A second hypothesis, the ’impulsivity hypothesis’, states that higher levels of risky choices in the ’multiple cups’ design were due to the fact that the risky reward was shown to the subjects before each trial in this design only. This could have induced an urge to choose that risky reward, regardless of any underlying economic rationality, because of the difficulty to exert self-control over one’s impulsive choice ([56, 57] for examples in children, and [58] for an example of how inhibitory control difficulties impact economic choices in mangabeys). Indeed, [40] wrote that ’…this bias towards the risky option could be explained, for instance, by a failure to inhibit a subject’s inherent tendency to choose the large reward, [as] several studies have shown that great apes (and other primates) need a large number of trials to overcome their initial tendency to choose a higher valued food […] even when the reward is no longer visible’. Such a hypothesis could be difficult to test directly, as impulsivity is often measured by proxies such as response times. The analysis of the response times in both experimental designs indicated, on the contrary, longer response times in the ’multiple cups’ design than in the ’single cup’ design, which do not necessarily reflect differences in impulsivity levels but merely that decision-making in the ’multiple cups’ design took longer as there are more cups to choose from and that pointing needs to be more precise, which also takes time. Testing the ’impulsivity hypothesis’ should thus use other means than measuring reaction or responses times, and further studies could try to control subjects’ impulsive responses and examine the degree to which the level of impulsivity correlates with risk preference. For instance, previous work in children [59] showed that if a transparent barrier is placed between subjects and the items they have to pick from (so that they cannot point directly at the desired item but have to make a detour over the barrier to point), automatic and impulsive responses were inhibited. Another study [60] showed similar result when subjects had to wear a weighted bracelet, which also reduced the level of impulsive responses. Such experimental designs (placing transparent barrier between the enclosure grid and the trolley, or providing subjects with weighted sticks,…) could be tested in the ’multiple cups’ design to investigate if it would lower gorillas and orang-utans observed risk-proneness.
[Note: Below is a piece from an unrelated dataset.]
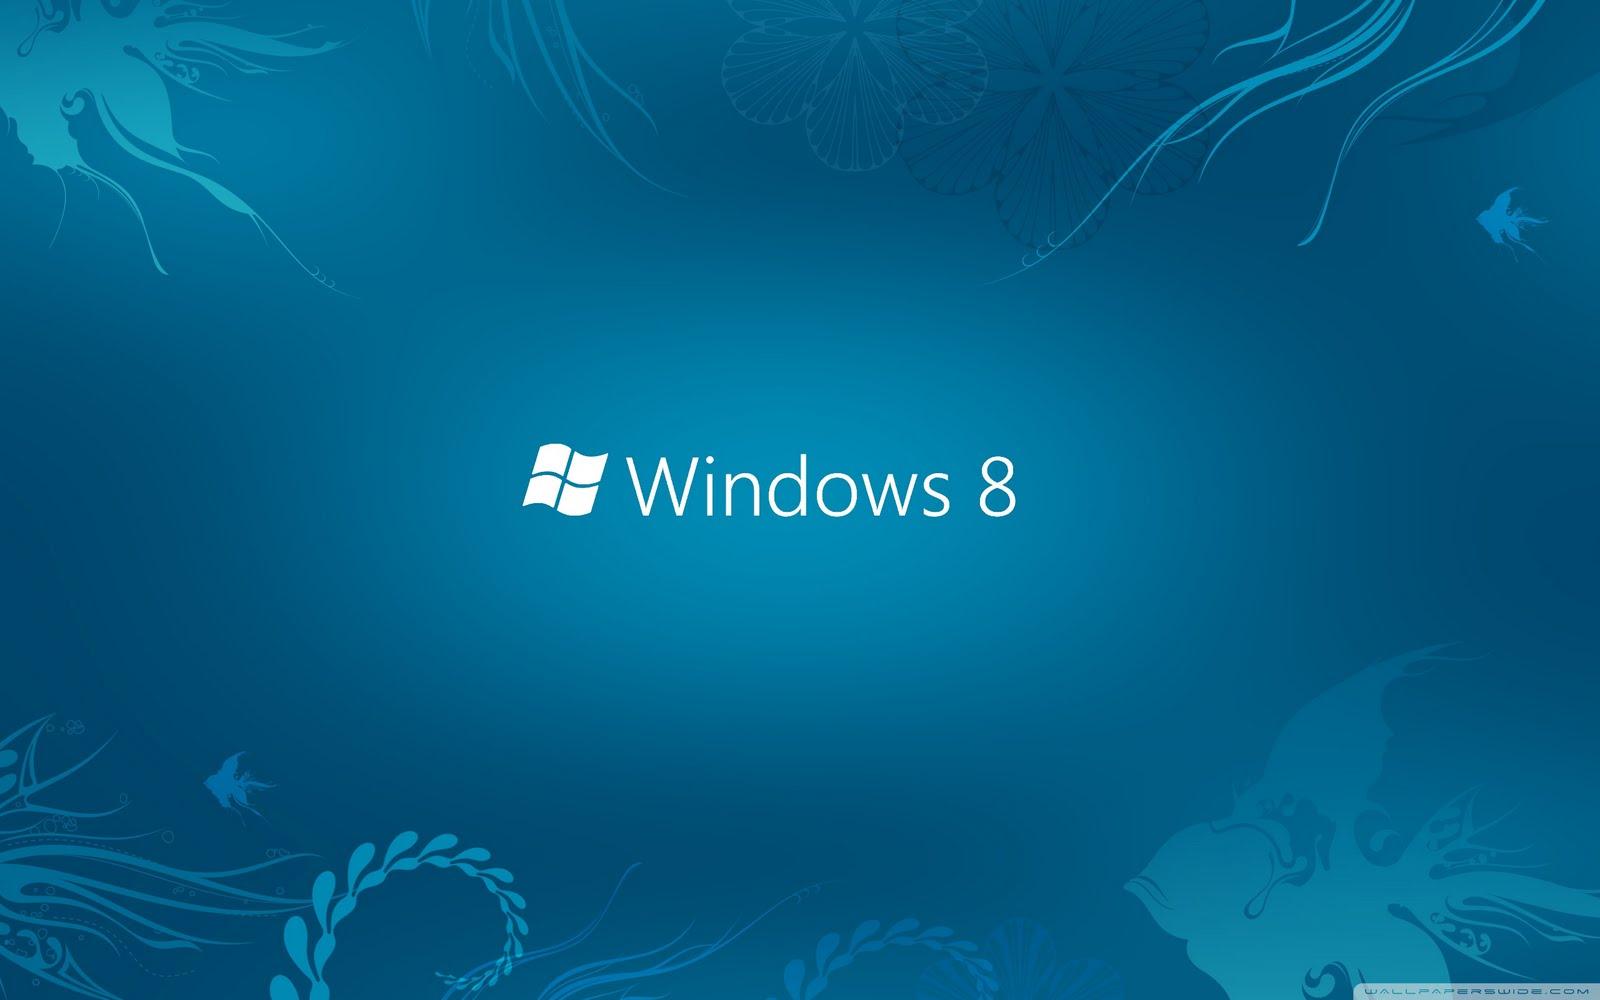 Top 12 Cool Windows 8 HD wallpapers for desktop backgrounds 8 1600x1000
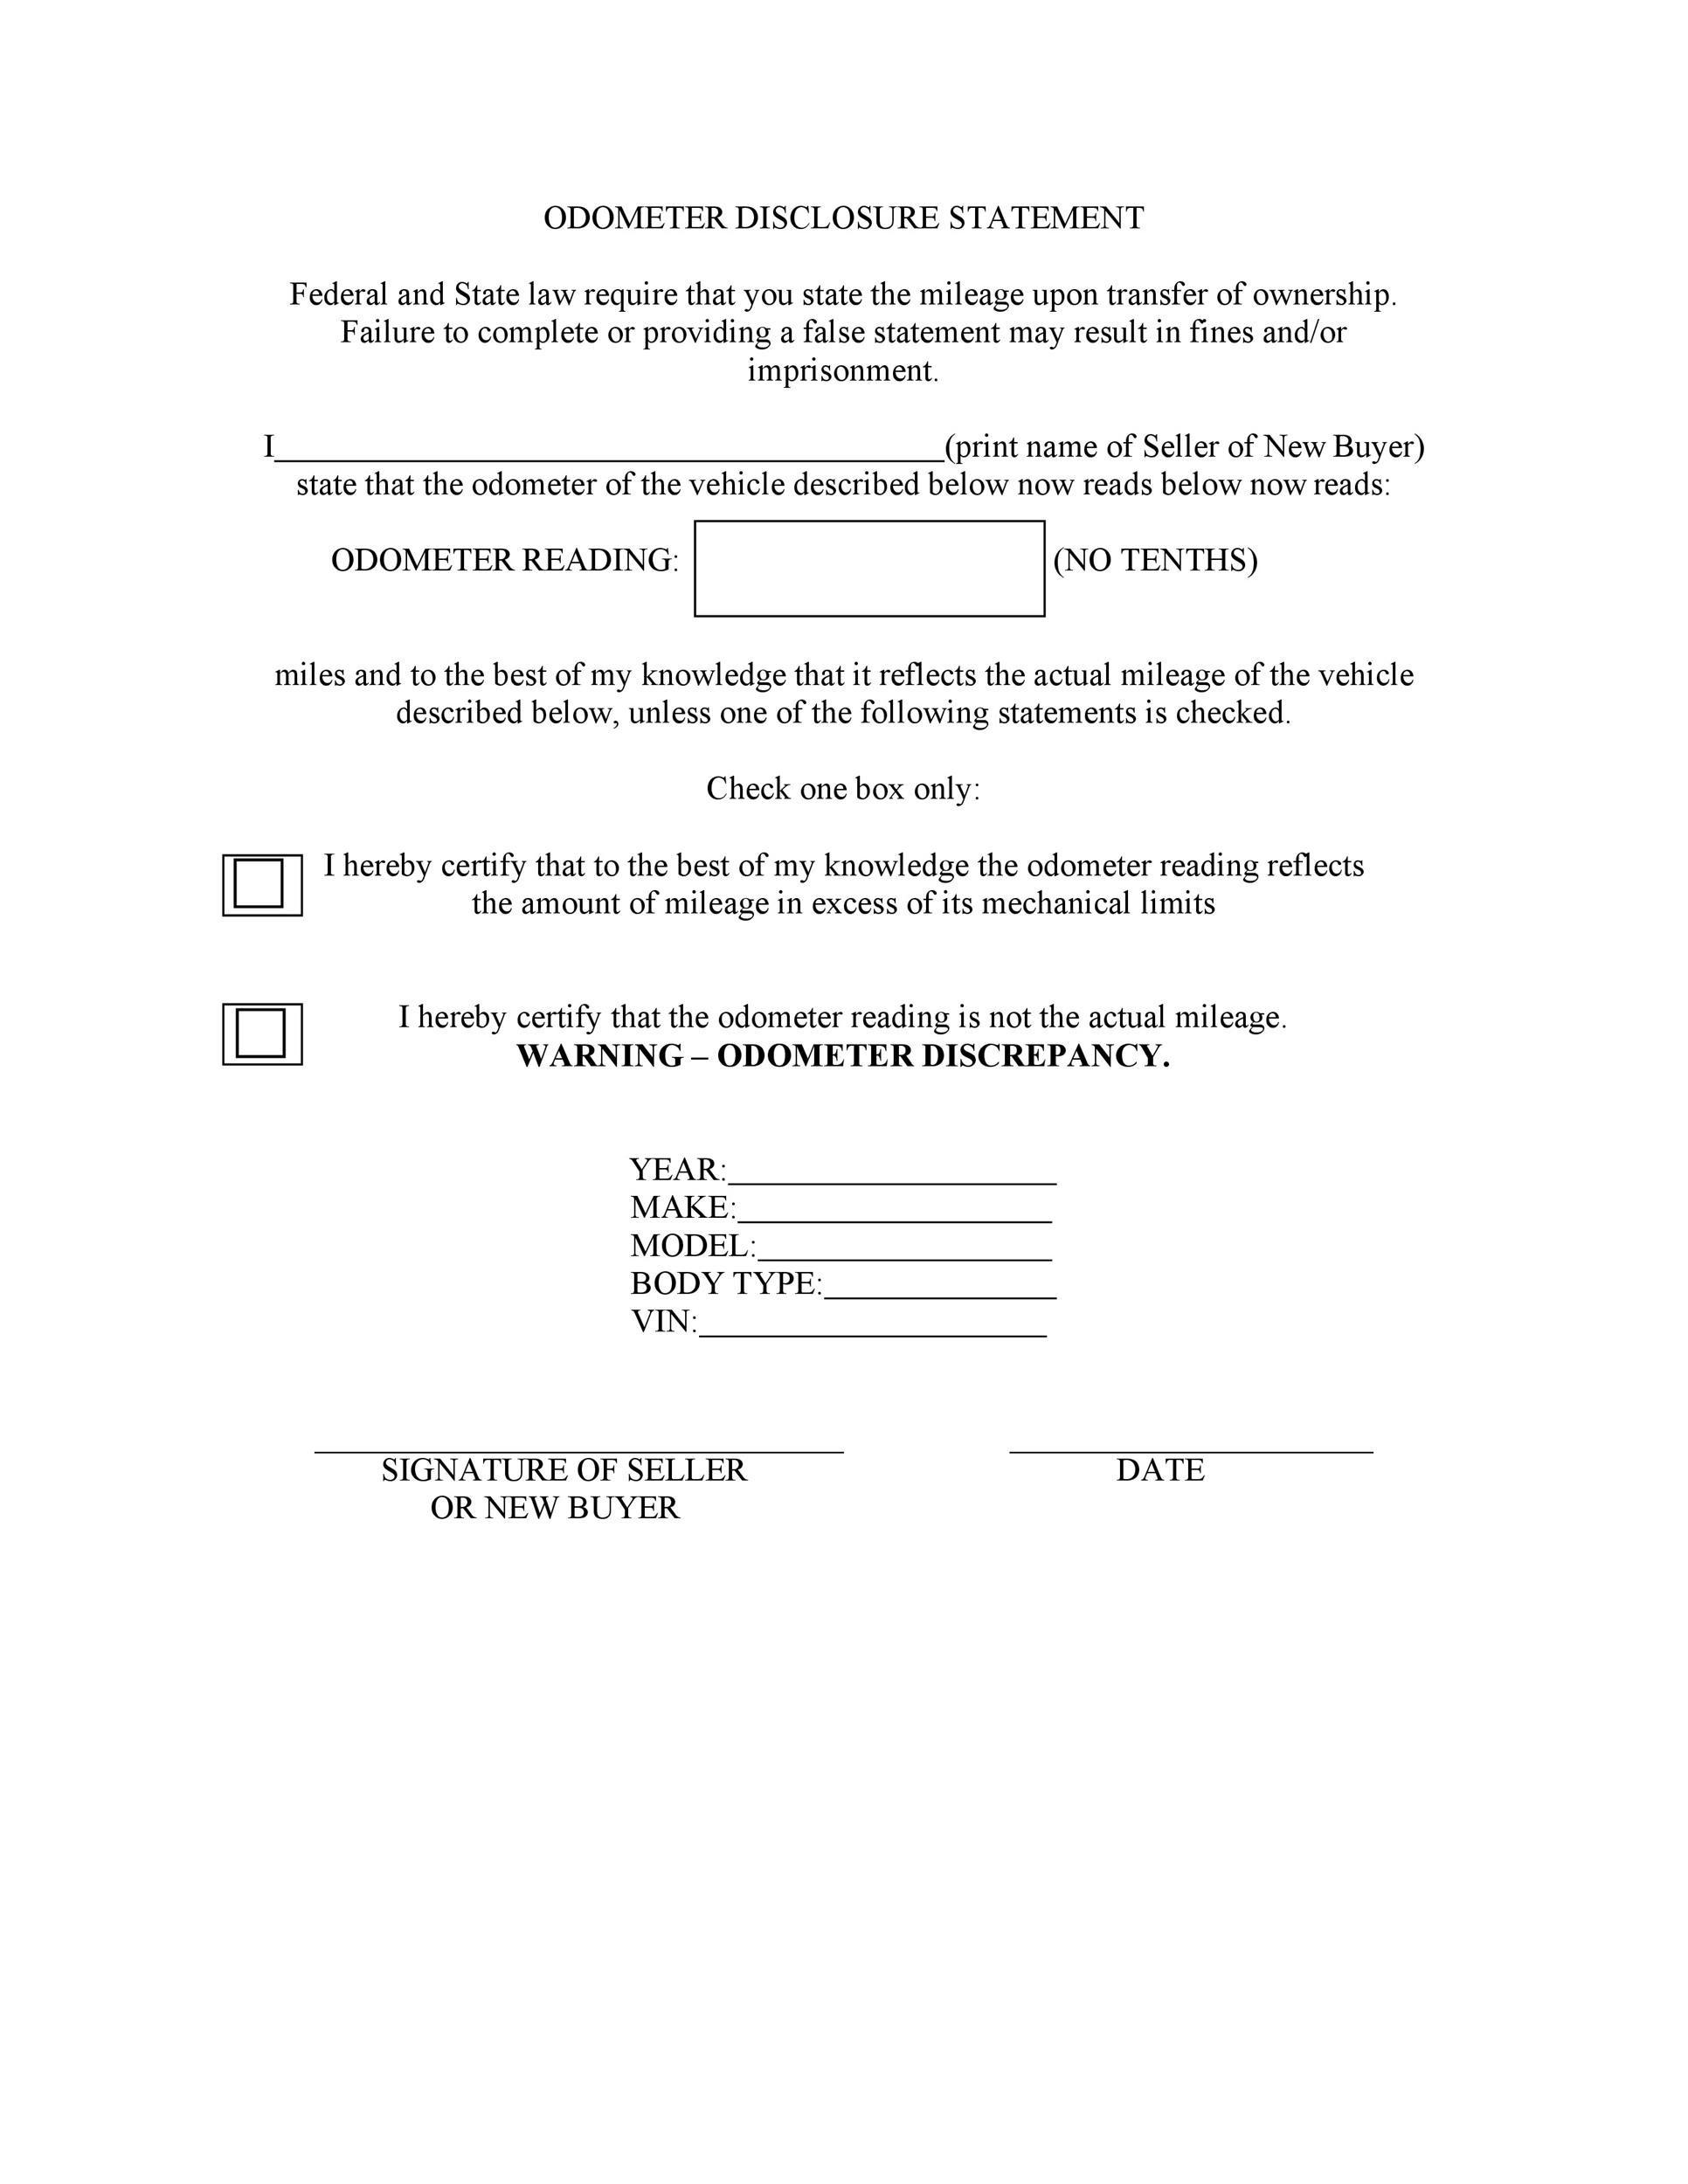 Free odometer disclosure statement 25

A third hypothesis to explain the risk-preference shift between the ’single cup’ and the ’multiple cups’ design is the ’exploration hypothesis’ which states that performance is best explained as a bias towards exploring rather than exploiting the risky option, as these two strategies can compete in risk-assessment tasks [61]. In the ’multiple cups’ design, subjects were confronted with an array of risky cups, and each one could or could not contain the reward, while in the standard ’single cup’ design, only one cup was available. It is therefore conceivable that the ’multiple cups’ design was more salient to apes and so triggered more curiosity and exploratory behaviour, even though subjects had full feedback on the content of the cups after each trial. In previous studies using a similar ’multiple cups’ design, the difference in economic strategies between risk-neutral capuchins and risk-prone young human children [62] were attributed to difference in exploitation/exploration strategies, as capuchins were argued to rely more on an exploitation strategy of safe options while young children rely more on an exploration strategy of uncertain options [63]. However, in our study, we found no support for that ’exploration hypothesis’, due to the fact that both species exhibited positional biases in Experiment 2: rather than exploring each risky cup, gorillas exhibited a strong preference for the one that was at their left, while orang-utans preferred the central cups.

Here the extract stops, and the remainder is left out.